MAY CONTAIN NUTS
HOME
 
JUMP TO PAGE   100  >  200  >  300  >  400  >  500  >  600
VINTAGRAPH • WPA • WWII • YOU MEAN A WOMAN CAN OPEN IT?

The Witts: 1911

May 1911. Roanoke, Va. "Dependent Parents. R.L. Witt. He is apparently working on the railroad, but his three oldest children, here work in the Roanoke Cotton Mills. Mamie is only 12 years old and earns very little. Home is very poorly kept. Mother would not be in the photo." Photo by Lewis Wickes Hine. View full size.

May 1911. Roanoke, Va. "Dependent Parents. R.L. Witt. He is apparently working on the railroad, but his three oldest children, here work in the Roanoke Cotton Mills. Mamie is only 12 years old and earns very little. Home is very poorly kept. Mother would not be in the photo." Photo by Lewis Wickes Hine. View full size.

 

On Shorpy:
Today’s Top 5

The Witts: 1911

This is Joe Manning, of the Lewis Hine Project. The girl on the right was Eva Witt. The father was named Robert L. Witt. I talked to the son of Russell Witt, one of the boys in this family who was not pictured. He was very surprised about the Hine photos (there are four of this family, three of them with just Mamie in them). He did not know what happened to Mamie or Eva, but he knows someone in the family who is working on the family tree. He will see if he can get more information from that person.

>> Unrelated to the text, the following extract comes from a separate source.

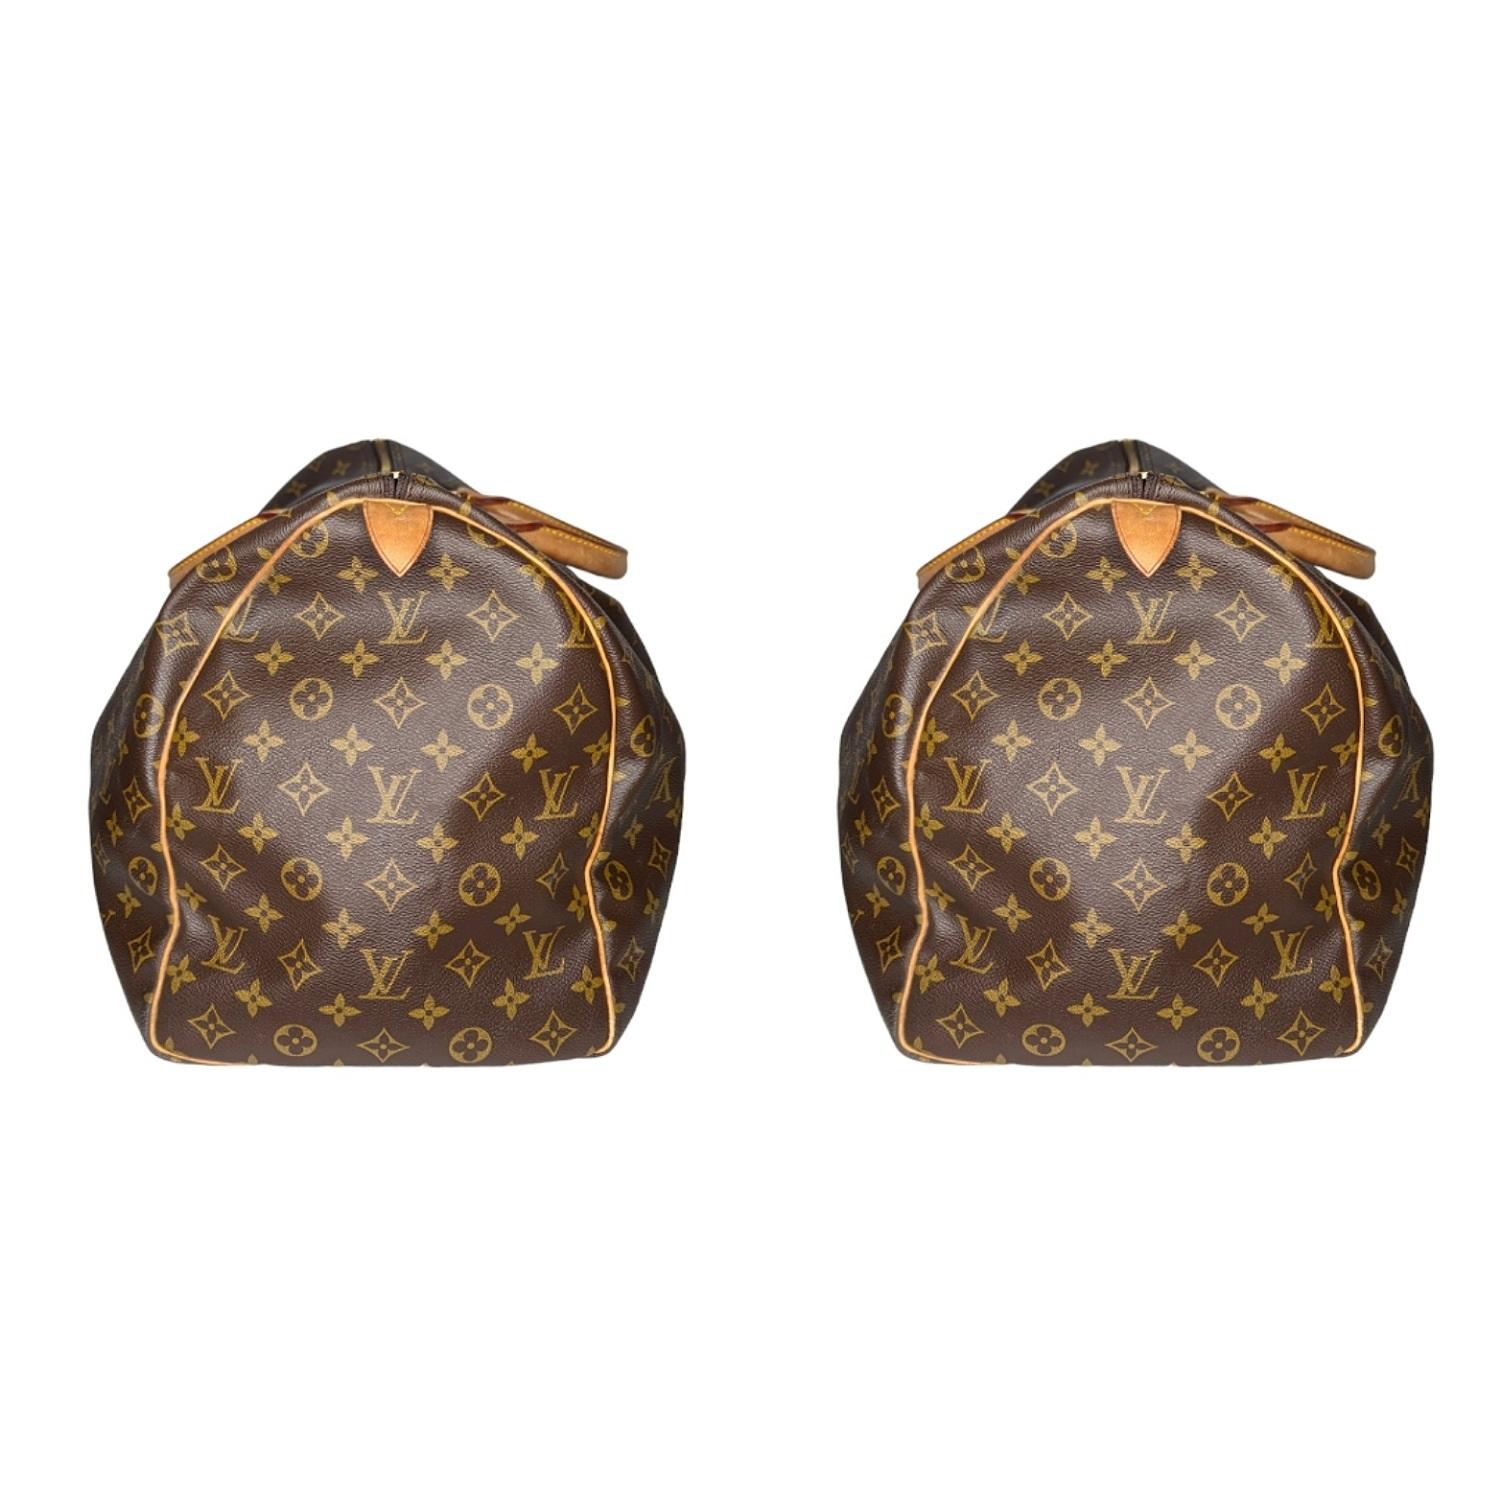 Louis Vuitton 1999 Monogram Canvas Keepall 50 Duffle In Good Condition For Sale In Scottsdale, AZ

What does it say about us?

We all look at a 100-year-old photo of a family on the porch of their home. All the people in it are long dead.

Yet it's possible for us to still pass judgment on them: "They were lazy!" "They never heard of a bar of soap?"

Many of us have ancestors who also grew up extremely poor, hard-working, and needy, in both small towns and cities across America. That we are all here at all is a tribute to their determination and success. Yet just as many families were destroyed by sheer bad luck - by eminent domain, by sudden accidental death, by fire, flood or influenza.

This family is gone. Is there harm in feeling sympathy for them, even if their clothes are dirty and their house is slovenly? We cannot know the troubles they bore - whether the mother never recovered after the birth of her youngest less than four years ago, whether the father was a gambler, a tippler, or a wastrel, or whether the children had any supervision or guidance. Perhaps there is even some benefit to imagining them compassionately. It may help us regard our own living neighbors with more kindness.

Pick Me, Pick Me!

Looks like the littlest one is digging for gold, there! Thankfully, kids never change. All of us probably have picture of ourselves or one of our siblings with a finger up the nose!

It's back!

Yet another random single shoe in the yard.

Out of the picture

The statement "Mother would not be in the photo" might be a clue as to why this family is so dirty. Maybe she was too depressed or sick to do anything.

Clean Getaway

My mother, born in 1919, had 9 brothers. Everyone worked on the farm and most had side jobs as well. Spare time was an unknown commodity. Yet my grandmother managed to keep them all CLEAN! She worked like a mule, but the key word there is "work." There was very little money when I was growing up but my mom would have stole a bar of soap, found a puddle and a rock, and cleaned that mess up. And she was no thief, but you get my point. The first thing I see when I look at this picture is laziness, not poverty.

[I'll bet your grandmother didn't do laundry with a bar of soap and a puddle. Laundry was generally a once-a-week affair that involved fetching water from a pump or well, boiling it over a fire or stove, a lot of scrubbing, then drying and ironing. If you have but one or two changes of clothes, work in a knitting mill and have a dirt yard and no plumbing, this is how you look before washday rolls around. - Dave]

No, she didn't do our laundry in a puddle. She pressed clothes in a dry cleaners six days a week so she was busy with other peoples wearables. But your not taking into consideration the unkempt porch, dirty hair and the lone shoe. Other folks worked in dirty jobs as many hours and didn't live this way Dave. That was all I'm saying.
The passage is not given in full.